_Data segment_
◆ ◆ ◆ ◆ ◆ ◆ ◆
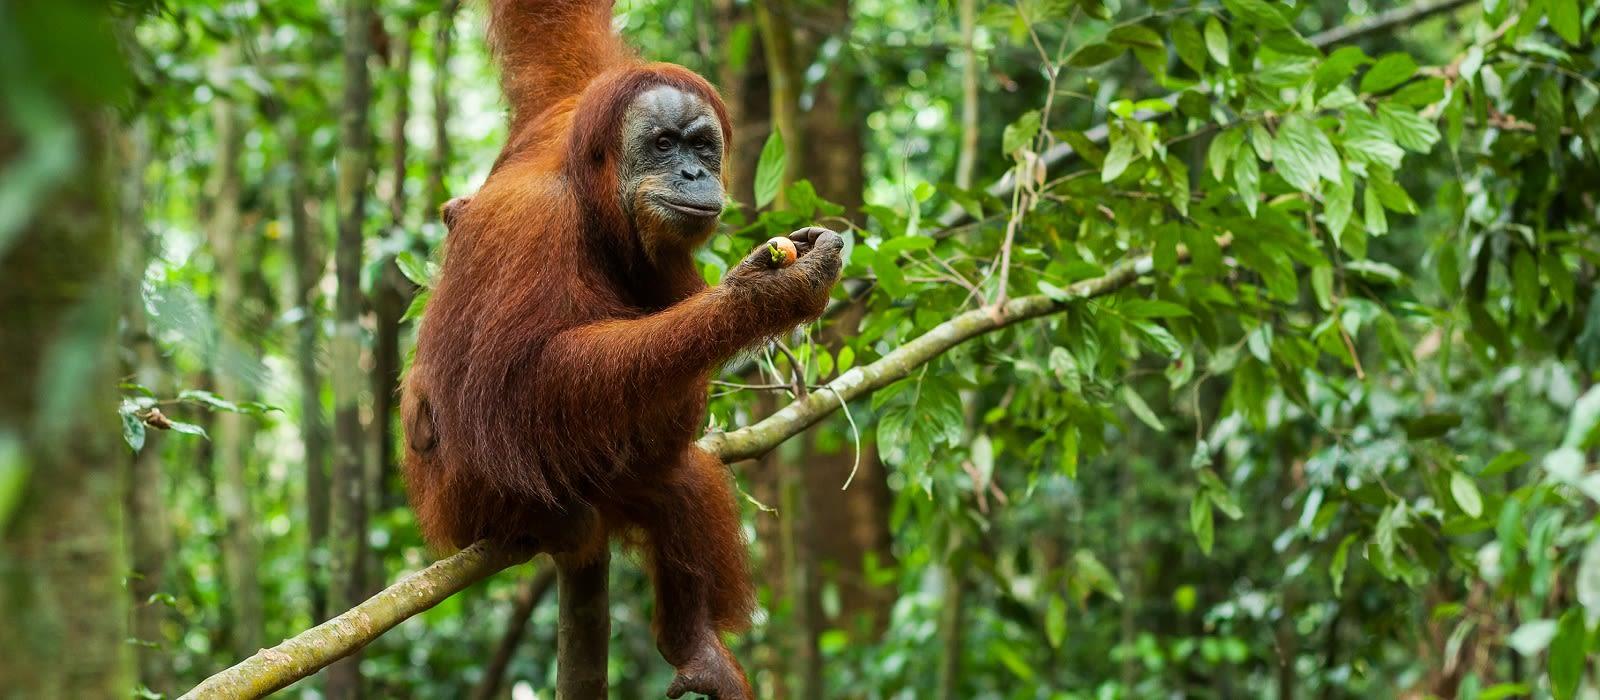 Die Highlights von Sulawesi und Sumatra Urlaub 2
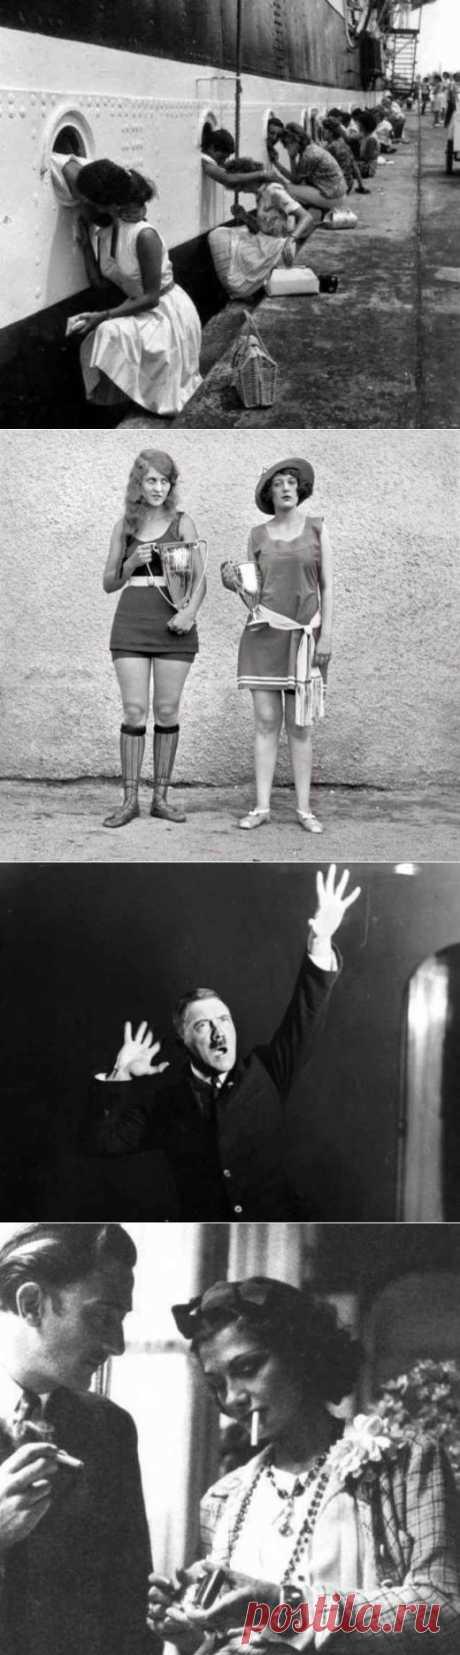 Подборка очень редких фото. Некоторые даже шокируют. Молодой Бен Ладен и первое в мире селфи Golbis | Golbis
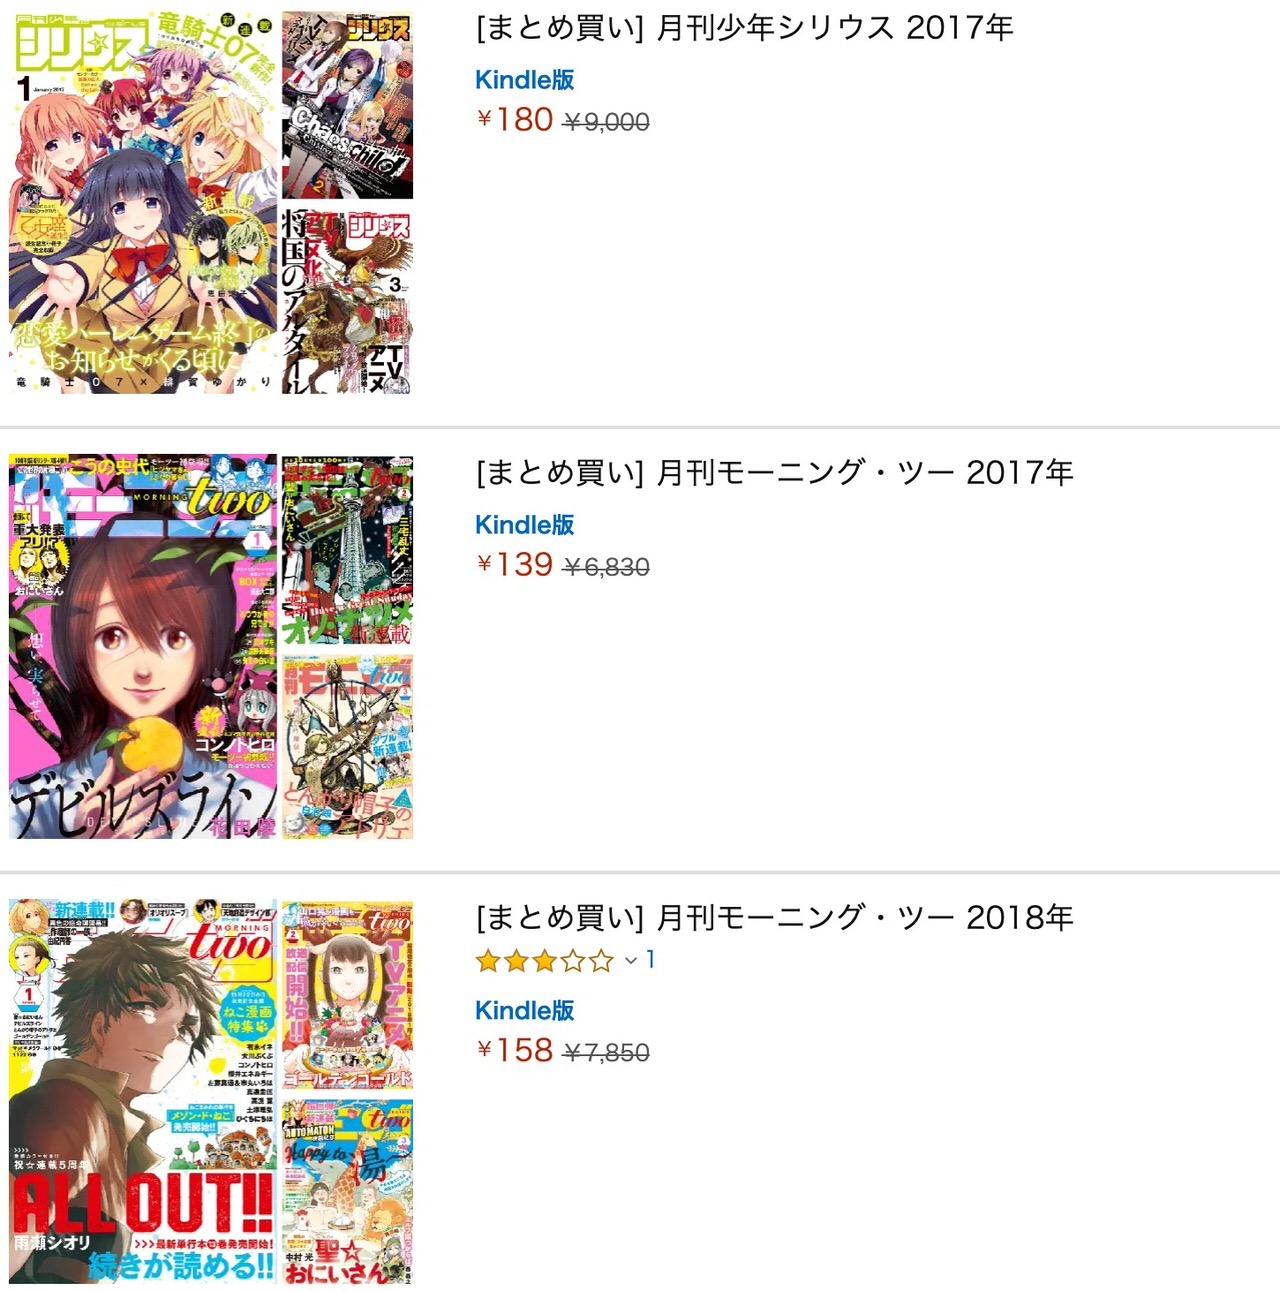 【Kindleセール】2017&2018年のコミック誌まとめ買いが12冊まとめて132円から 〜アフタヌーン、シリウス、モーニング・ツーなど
◆ ◆ ◆ ◆ ◆ ◆ ◆
_Your instructions_
Pictures are not part of the copy. Reproduce the lines from the one with "Подборка очень редких" through the end of the listing above.

_Response to the exercise_
 Подборка очень редких фото. Некоторые даже шокируют. Молодой Бен Ладен и первое в мире селфи Golbis | Golbis
 【Kindleセール】2017&2018年のコミック誌まとめ買いが12冊まとめて132円から 〜アフタヌーン、シリウス、モーニング・ツーなど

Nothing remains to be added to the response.